EXERCISE DATA »
——
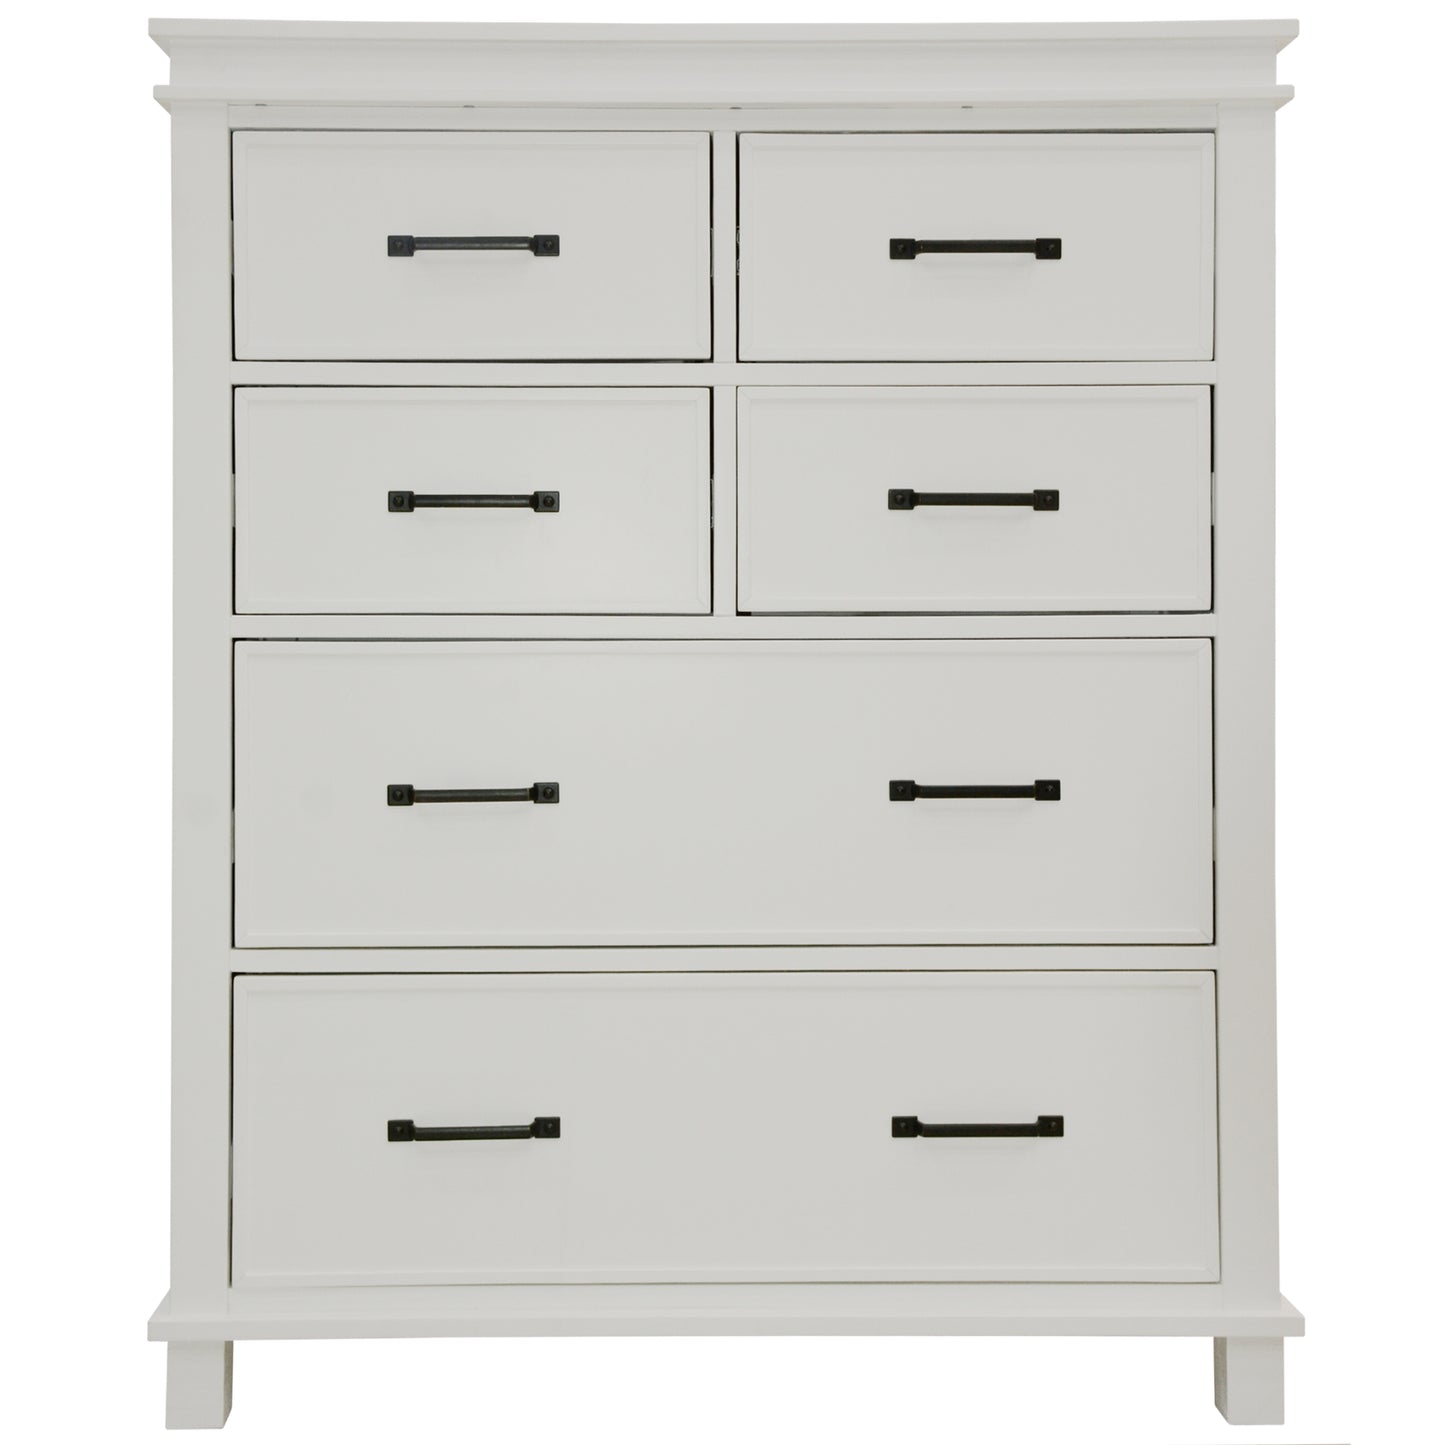 Lily Tallboy 6 Chest of Drawers Solid Pine Wood Bed Storage Cabinet - White
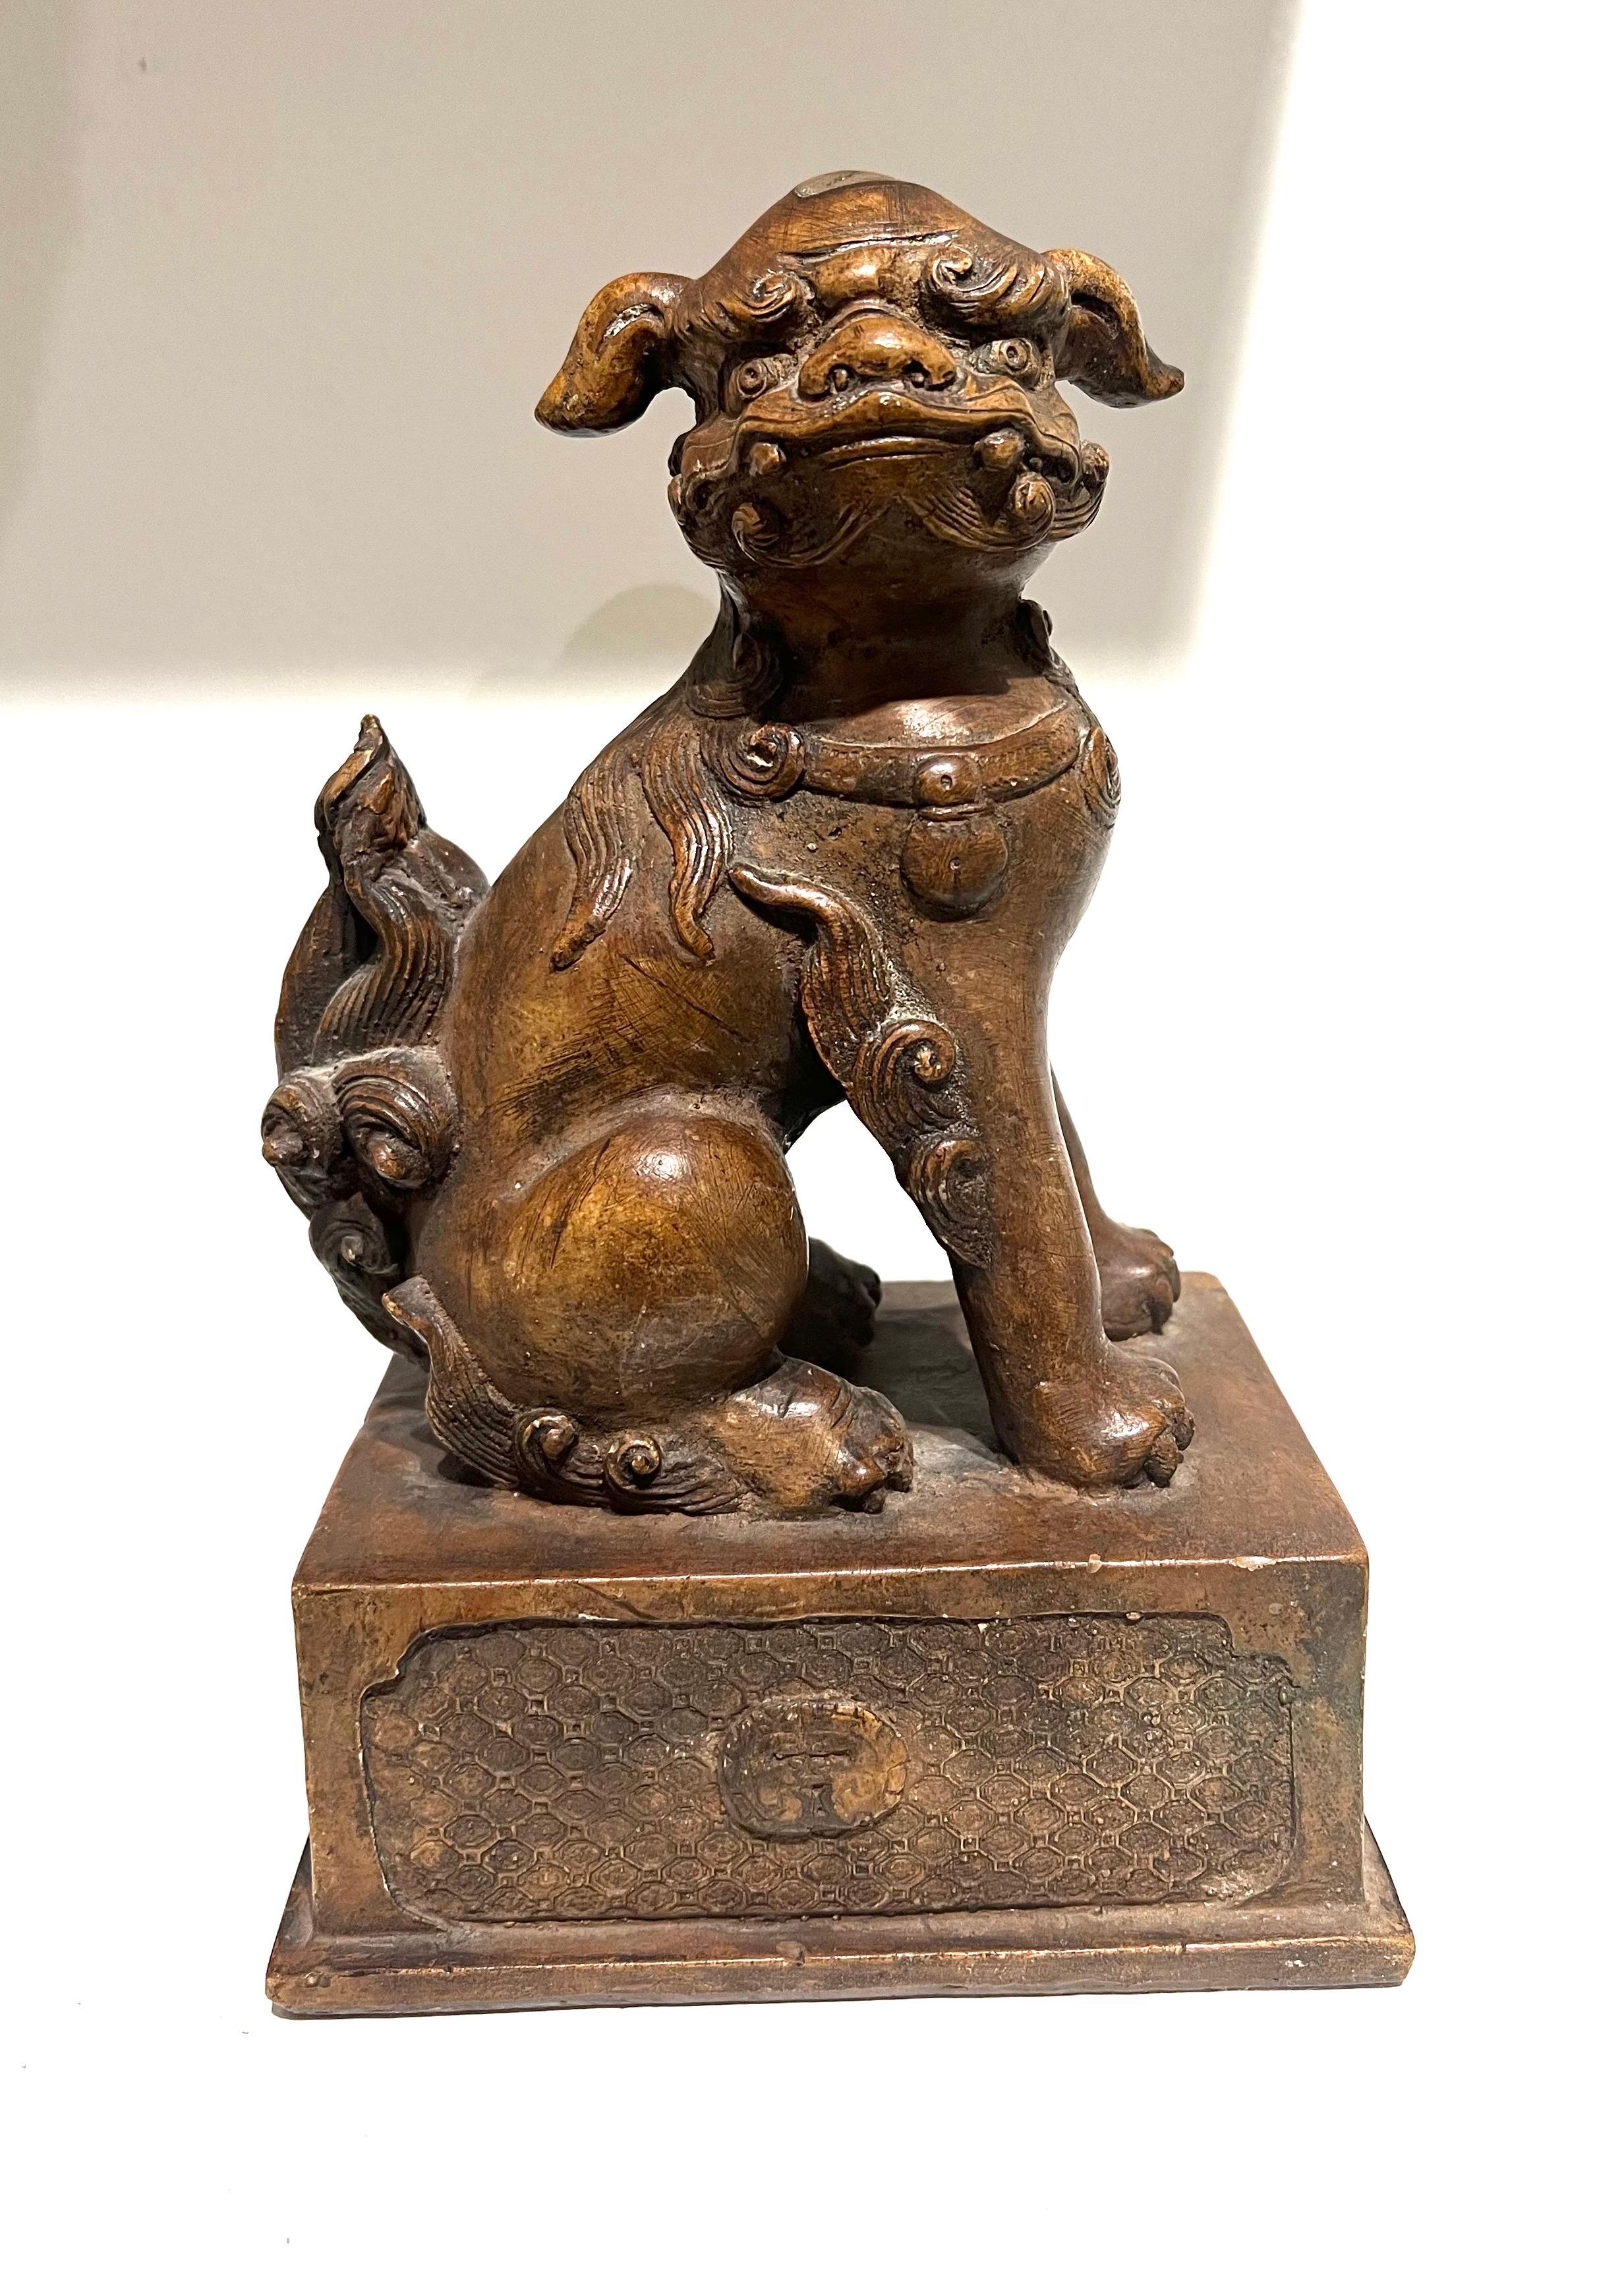 Nice vintage plaster foo dog sculpture in faux bronze finish, circa 1970s.
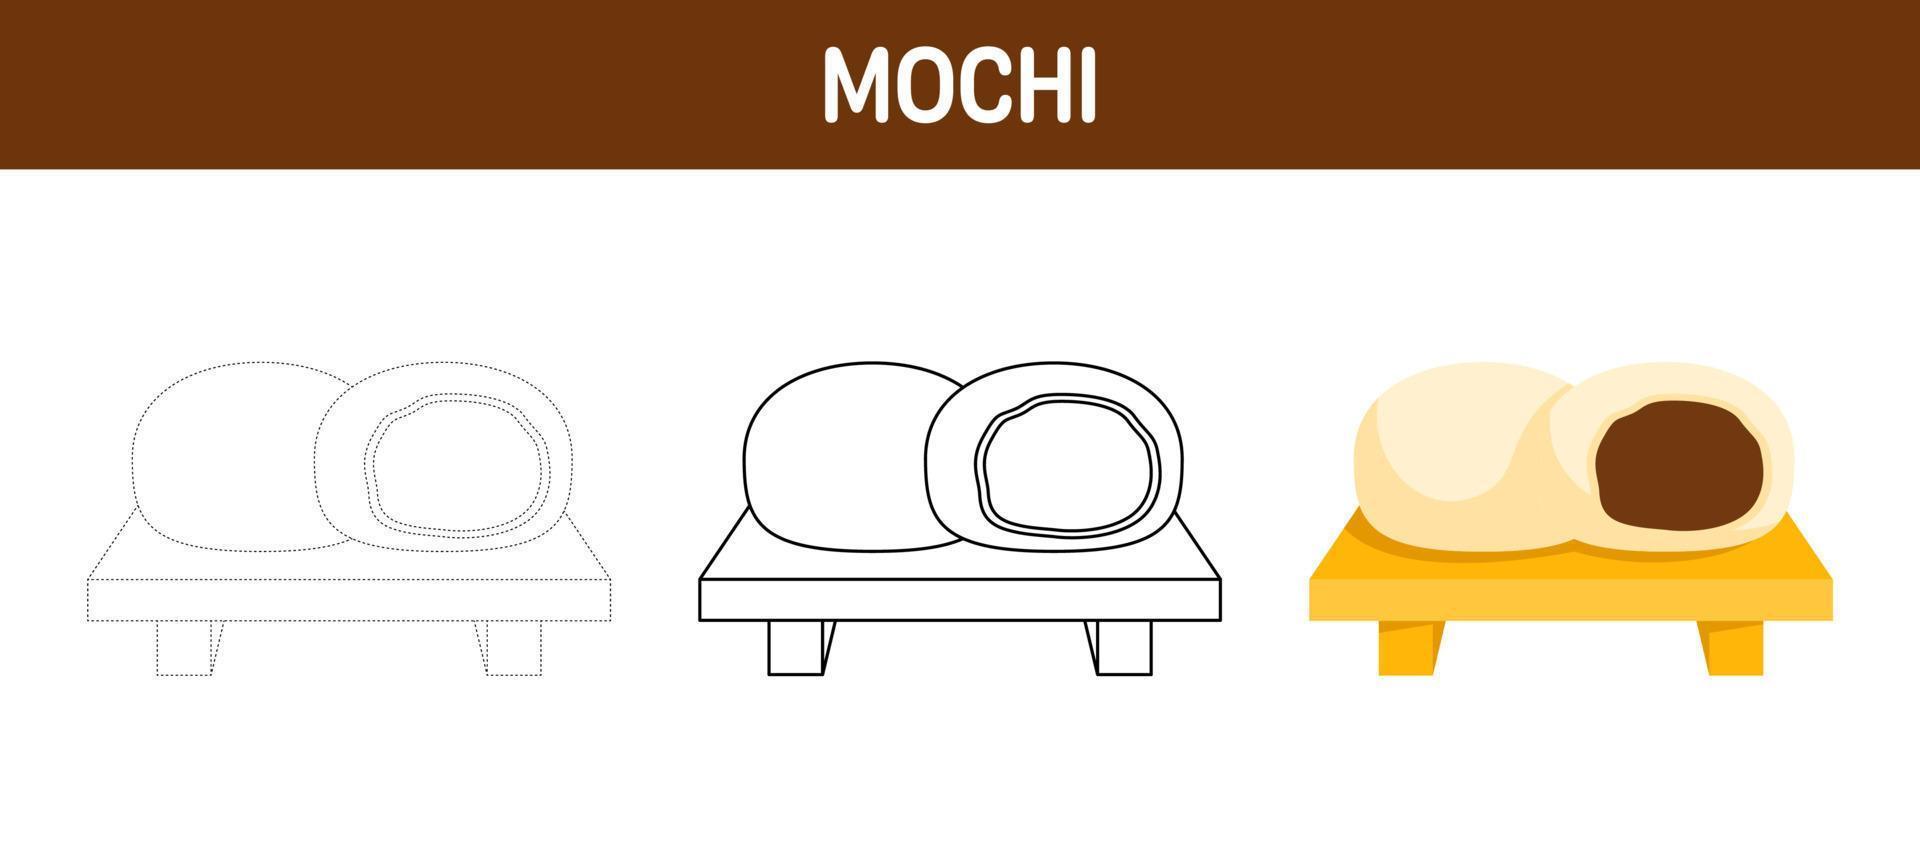 Mochi tracing and coloring worksheet for kids vector
——
TASK GOAL »
The reply should contain all of the data above, word for word, with no pictures.

RESULT FOR THIS EXERCISE »
 Lily Tallboy 6 Chest of Drawers Solid Pine Wood Bed Storage Cabinet - White
 Nice vintage plaster foo dog sculpture in faux bronze finish, circa 1970s.
 Mochi tracing and coloring worksheet for kids vector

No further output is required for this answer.